Things came to a head in mid-December 1971 when the US government dispatched Task Force 74, comprising ships from the Seventh Fleet and led by the aircraft carrier USS Enterprise, to sail at battle speed to the Bay of Bengal from the Gulf of Tonkin, where it was deployed for operations in the Vietnam War. The British navy also dispatched a naval group led by the aircraft carrier HMS Eagle towards India's west coast. The objective was to stop Dhaka from falling into Indian hands.
Invoking Article Nine of the Indo-Soviet Treaty, India requested the Soviet Union's help. The Soviets responded with alacrity. The 10th Operative Battle Group (Pacific Fleet) reached the Bay of Bengal and stared down the Anglo-American flotilla.

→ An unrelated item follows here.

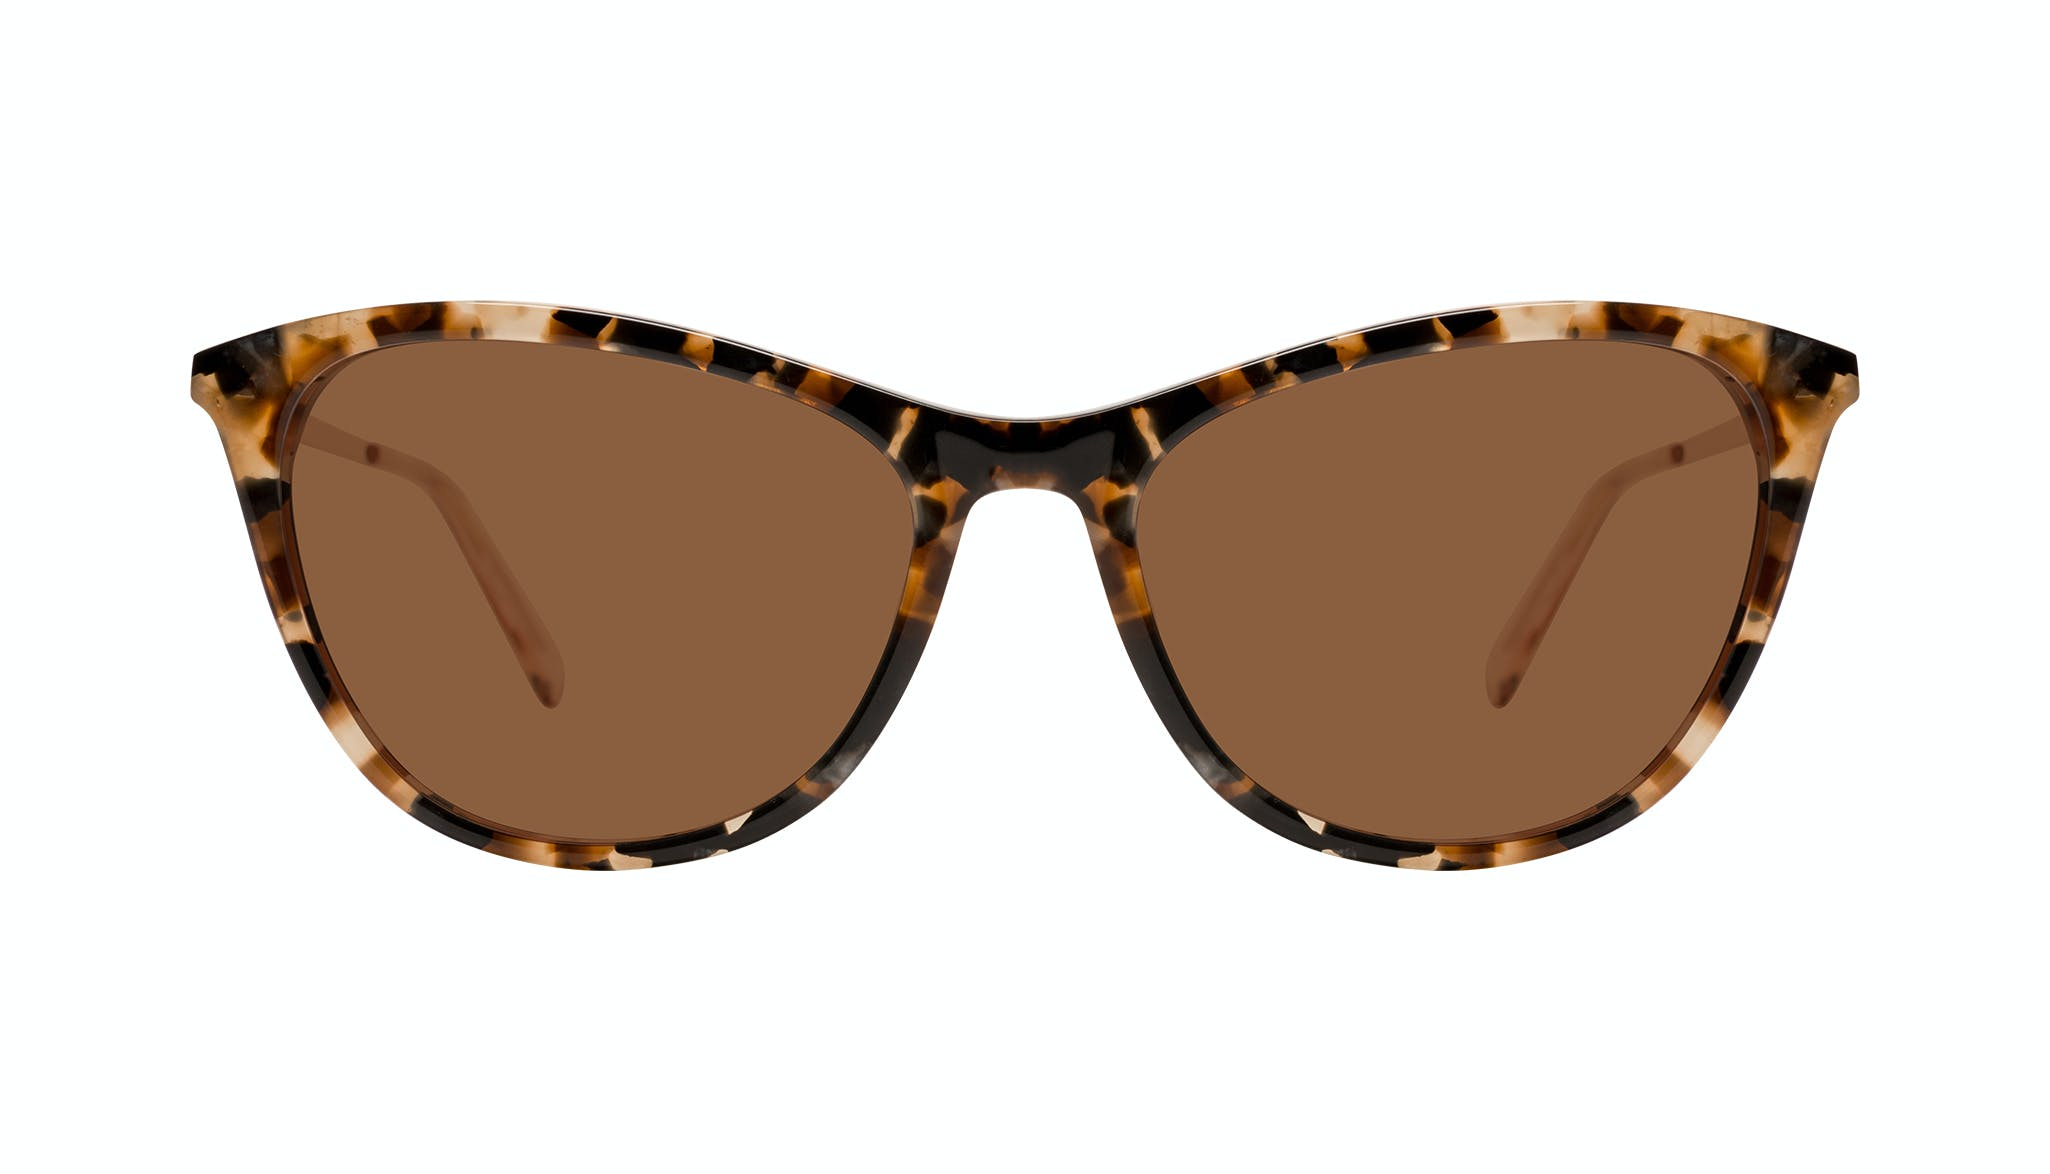 Affordable Fashion Glasses Cat Eye Sunglasses Women Folk Plus Gold Flake

By the time the war ended in December 1971, India was facing a hostile and dismembered Pakistan, a humiliated US and a burgeoning US-Pakistan-China alliance inimical to both the Soviet Union and India. Around the world, CIA-KGB covert wars were raging. The CIA's complicity in the overthrow of Chilean president Salvador Allende is now well documented. The Indian success in creating Bangladesh animated anti-neo-imperialist solidarity around the world, especially the struggle of the Vietnamese against the US.
India did two more things. It audaciously gatecrashed the exclusive club of nuclear weapon states by carrying out a nuclear test on May 18, 1974. Though classified as a peaceful nuclear explosion (PNE), the implications of Smiling Buddha were lost on nobody. On May 16, 1975, Delhi again redrew the political map of South Asia by merging Sikkim into India, taking advantage of Mao Zedong's weakening grip on China.
Meanwhile, the cost of war had started impacting the Indian economy. Inflation and food shortages were creating disaffection among people. It gave the Opposition a chance to mobilise public opinion against Mrs Gandhi. Every successful wartime leader has to pay a price for leading a nation during a crisis. Winston Churchill also lost a general election within two months of winning World War II in Europe.
Was there a ubiquitous 'foreign hand' in the internal disturbances that India experienced in 1974-1975, as Mrs Gandhi repeatedly emphasised? There has been no in-depth scholarship that has examined the three-and-a-half years between December 1971 and June 1975.
Mrs Gandhi referred to Bangladesh in the Yavatmal speech. Sheikh Mujibur Rahman was assassinated on August 15, 1975. Could the Emergency have been avoided, and was there a smarter way of handling things? Only a cold, dispassionate and clinical analysis of the global and domestic events leading up to it can perhaps provide an answer.